THE BROKEN TEAGLASS. By Emily Arsenault. Delacorte. 370 pages. $25.
This book is a treat for those who like their mysteries more intellectual than violent. Emily Arsenault unwinds her story literally bit by bit, so that it takes the main characters and the reader a while to decide whether there's really a murder mystery or just a little office eccentricity.
And, double treat, this book is a delight for those who love words. The office where an eccentric -- or maybe a murderer -- has been doing a little mischief is that of the Samuelson Company, "the oldest and most revered name in American dictionaries."
Even most of us who love words have probably not given much thought to how dictionaries are written, how somebody decides which new words make the cut, which new meanings are made "official." The book jacket tells us that among her interesting jobs, first-time novelist Emily Arsenault has worked as a lexicographer. In The Broken Teaglass, she offers a fascinating and often amusing glimpse into the arcane world of those who spend their days fretting over fine shades of meaning and composing definitions.
Billy Webb, fresh out of college with a not particularly marketable B.A. in philosophy, at first feels fortunate to have landed a job with Samuelson, even if it means he must live in a small, out-of-the way Massachusetts town.
After several days laboring alone and mostly in silence in a cubicle, he also feels a little lonely. So when Mona Minot, a young and reasonably attractive fellow editor, tells him about an intriguing discovery she's made among the files of millions of "cits," Billy feigns interest.
Editors at Samuelson spend an hour or so a day reading published materials in search of new words or usages, or anything else "notable." Whenever they find something that might be useful, they type up the "citation" or "cit" with the word in context. Editors review the "cits" when making decisions about what goes into the next edition of a dictionary.

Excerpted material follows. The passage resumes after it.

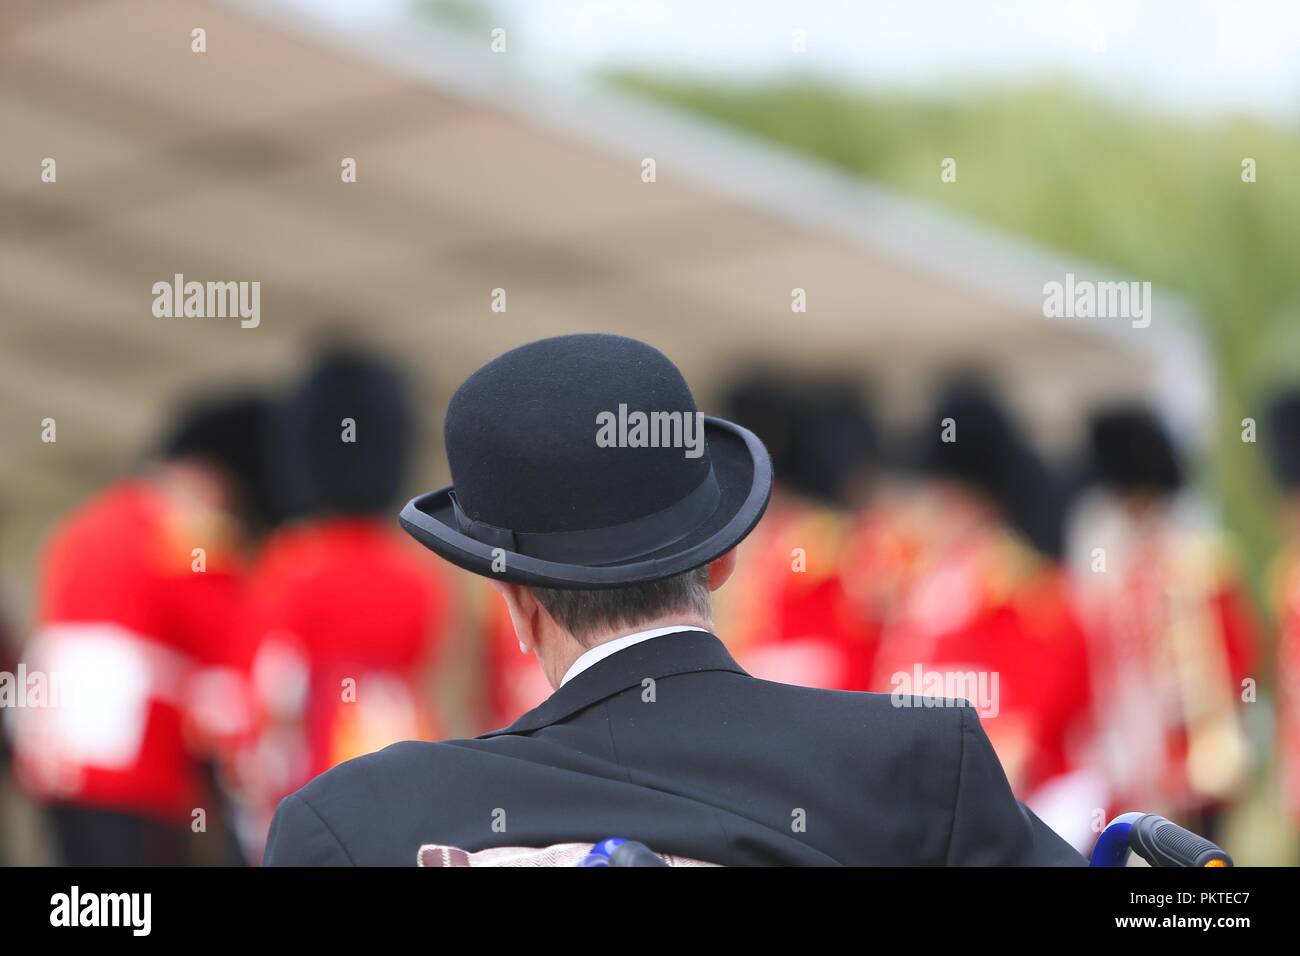 Worcester, Worcestershire, UK. 15th September 2018. An ex-serviceman wears a bowler hat at the Drumhead Service at Gheluvelt Park, Worcester. Peter Lopeman/Alamy Live News Stock Photo
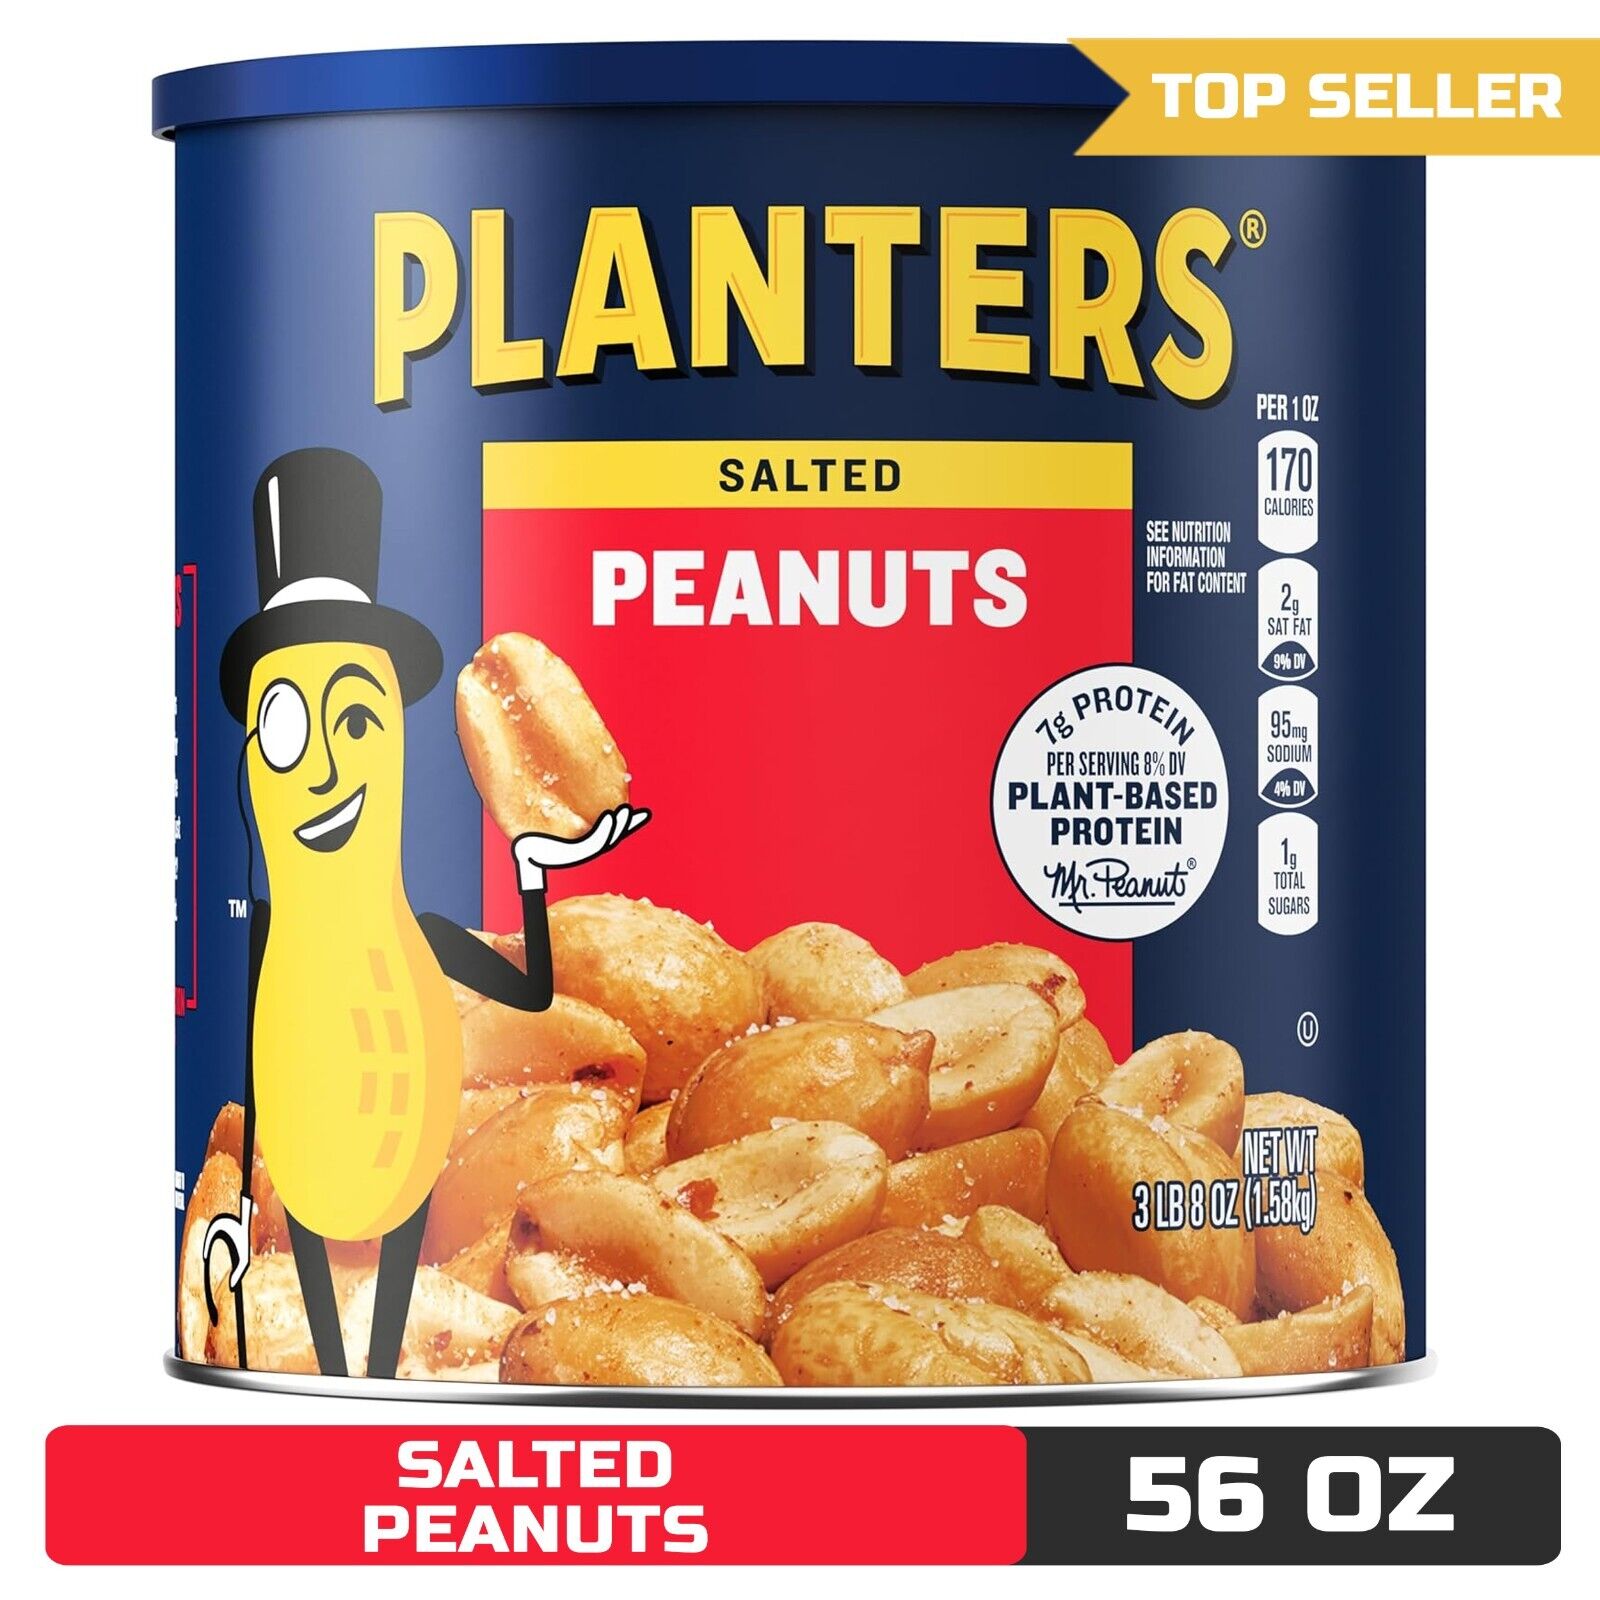 PLANTERS Salted Peanuts - Classic Crunch, 56 oz Canister

Mona has found several cits that are unusually long and that all seem to be excerpts from a book called The Broken Teaglass. But there is no record of any such book ever having been published.
The cits sound as though they are about people who work at Samuelson. At first Mona thinks that an employee or former employee has been having a little fun. But the more Broken Teaglass cits she and Billy find, the more the cits begin to read as though they're talking about something that really happened -- something bad.
Soon, Billy gets at least as caught up in the mystery as Mona is. They spend most of their spare time searching for more cits and trying to make sense of them, sometimes alone and sometimes together. Because they find the cits in random order, what each means individually only gradually becomes clearer and contributes to their understanding of the whole story.
By the time Billy comes to what he believes is the final understanding, his years of studying philosophy are put to good use.
Billy, Mona and the supporting cast at Samuelson are well drawn, very human characters, even if they do spend hours pondering evolving definitions. The reader learns not only about what happened with The Broken Teaglass, but also that Billy is not just a simple, polite, pleasing young man starting out in his first job. The Broken Teaglass shows that human beings, like words and mysteries, have hidden layers waiting to be revealed, and that life has layers of truth.